Король, питавший глубокое уважение к своей личности и начинавший постигать искусство владеть своими страстями, которое он сохранил на всю жизнь, — король понял, что роняет свое достоинство, проявляя столько горячности по такому ничтожному поводу.
— Нет, — живо сказал он, — нет, ты ошибаешься, Сент-Эньян, я не сержусь; я только восхищаюсь той ловкостью и смелостью, которые были обнаружены этими двумя девицами, а больше всего удивляюсь я тому, как глупо положились мы на голос своего сердца, имея возможность разузнать все подробности.
— О, сердце, государь, сердце! Этому органу следует предоставить только его физические функции, отняв от него все функции моральные. Признаюсь, увидев, что сердце вашего величества так сильно занято этой…
— Занято? Мое сердце? Ум — может быть; что же касается сердца… то оно…
Людовик снова заметил, что, желая прикрыть один фланг, он готов обнажить другой.
— Впрочем, — прибавил он, — мне не за что упрекать эту малютку. Я же знал, что она любит другого.
— Виконта де Бражелона, да. Я ведь предупреждал ваше величество.
— Ты прав, но не ты был первый. Граф де Ла Фер просил у меня руки мадемуазель де Лавальер для своего сына. Ну, раз они любят друг друга, я обвенчаю их, как только Бражелон вернется из Англии.
— Узнаю все великодушие короля.
— Довольно, Сент-Эньян, довольно об этом, — остановил его Людовик.
— Да, позабудем обиду, государь, — покорился придворный.
— К тому же это будет нетрудно, — отвечал король со вздохом.
— И для начала я напишу на эту троицу хорошенькую эпиграмму. Я озаглавлю ее: «Наяда и Дриада»; это доставит удовольствие принцессе.
— Действуй, де Сент-Эньян, действуй, — прошептал король. — Ты прочитаешь стихи, это меня развлечет. Все это пустяки, Сент-Эньян, пустяки, — прибавил король с видом человека, которому трудно дышать.

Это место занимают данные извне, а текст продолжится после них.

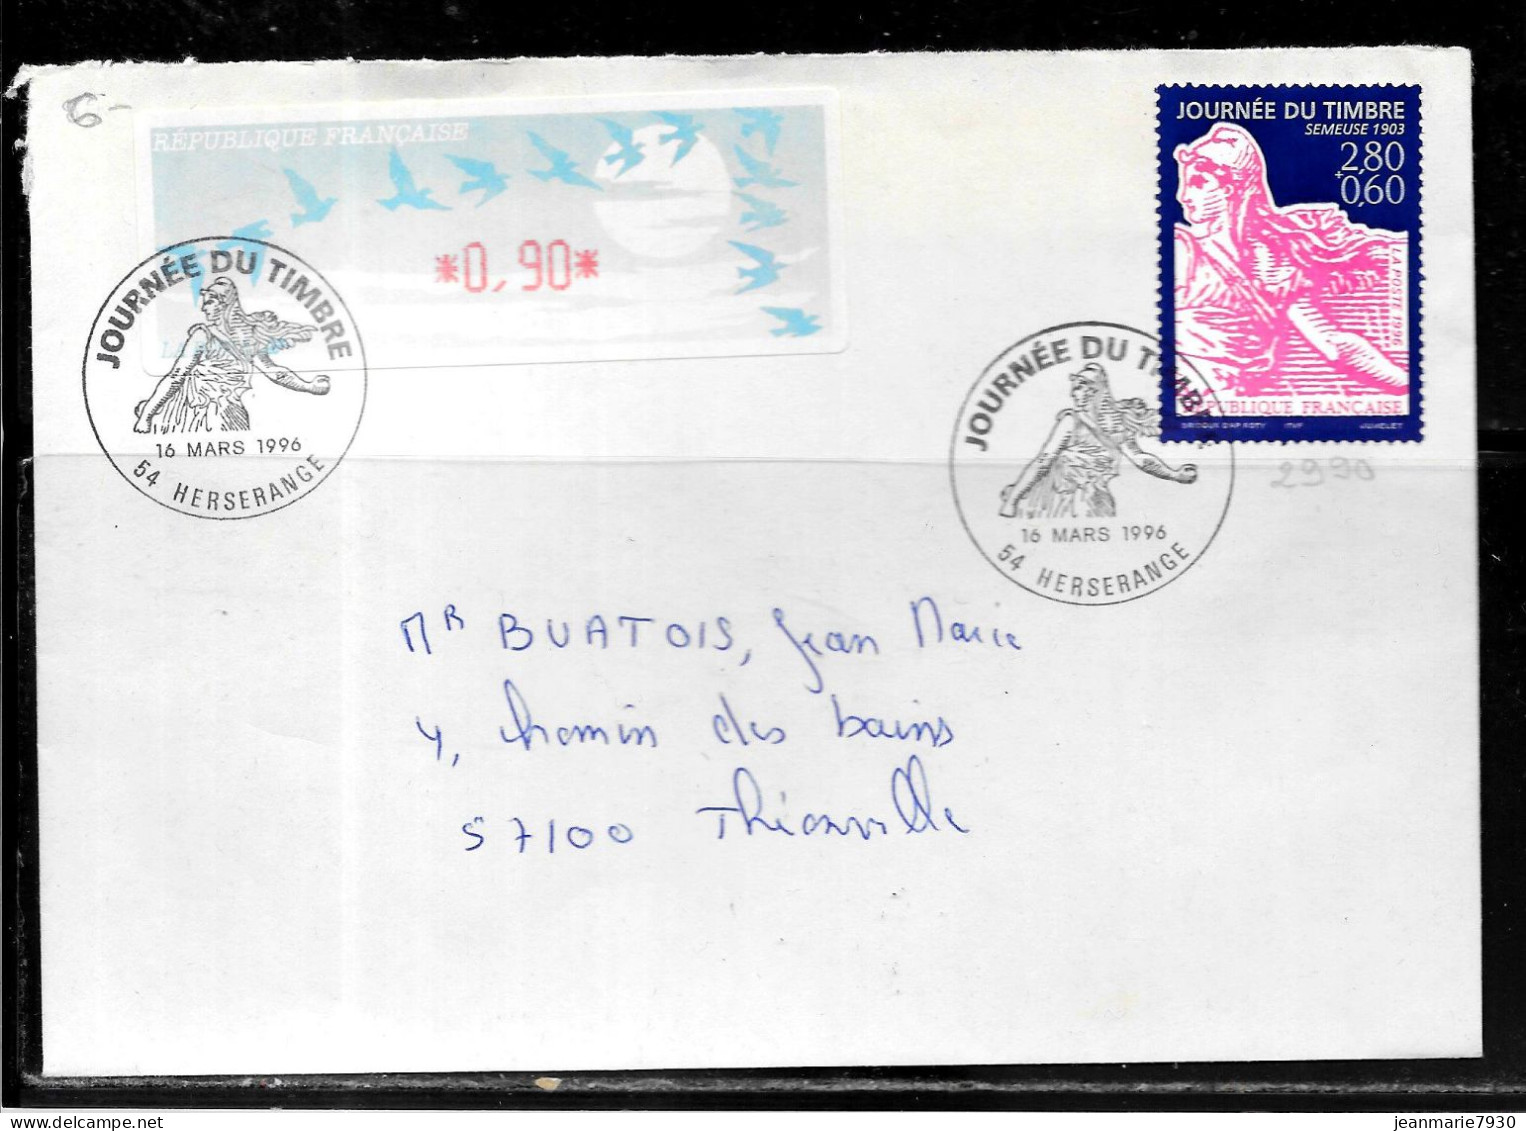 K178 - N° 2990 SUR LETTRE DE HERSERANGE DU 16/03/96 - JOURNEE DU TIMBRE - VIGNETTE D'AFFRANCHISSEMENT 0.90 Fr - Commemorative Postmarks

Когда король оправился и ему удалось придать своему лицу выражение ангельского терпения, в дверь постучал камердинер.
Де Сент-Эньян почтительно отошел в сторону.
— Войдите, — сказал король.
Камердинер приоткрыл дверь.
— Что случилось? — спросил Людовик.
Камердинер показал записку, сложенную треугольником.
— Для его величества, — сказал он.
— От кого?
— Не знаю, письмо было передано одним из дежурных офицеров.
По знаку короля лакей подал письмо.
Король подошел к свече, вскрыл письмо, прочитал подпись и не мог удержаться от восклицания.
Сент-Эньян, почтительно отошедший в сторону, тем не менее все видел и слышал.
Он подбежал к королю.
Король отпустил лакея движением руки.
— Боже мой! — произнес король, читая письмо.
— Ваше величество нездоровы? — спросил де Сент-Эньян.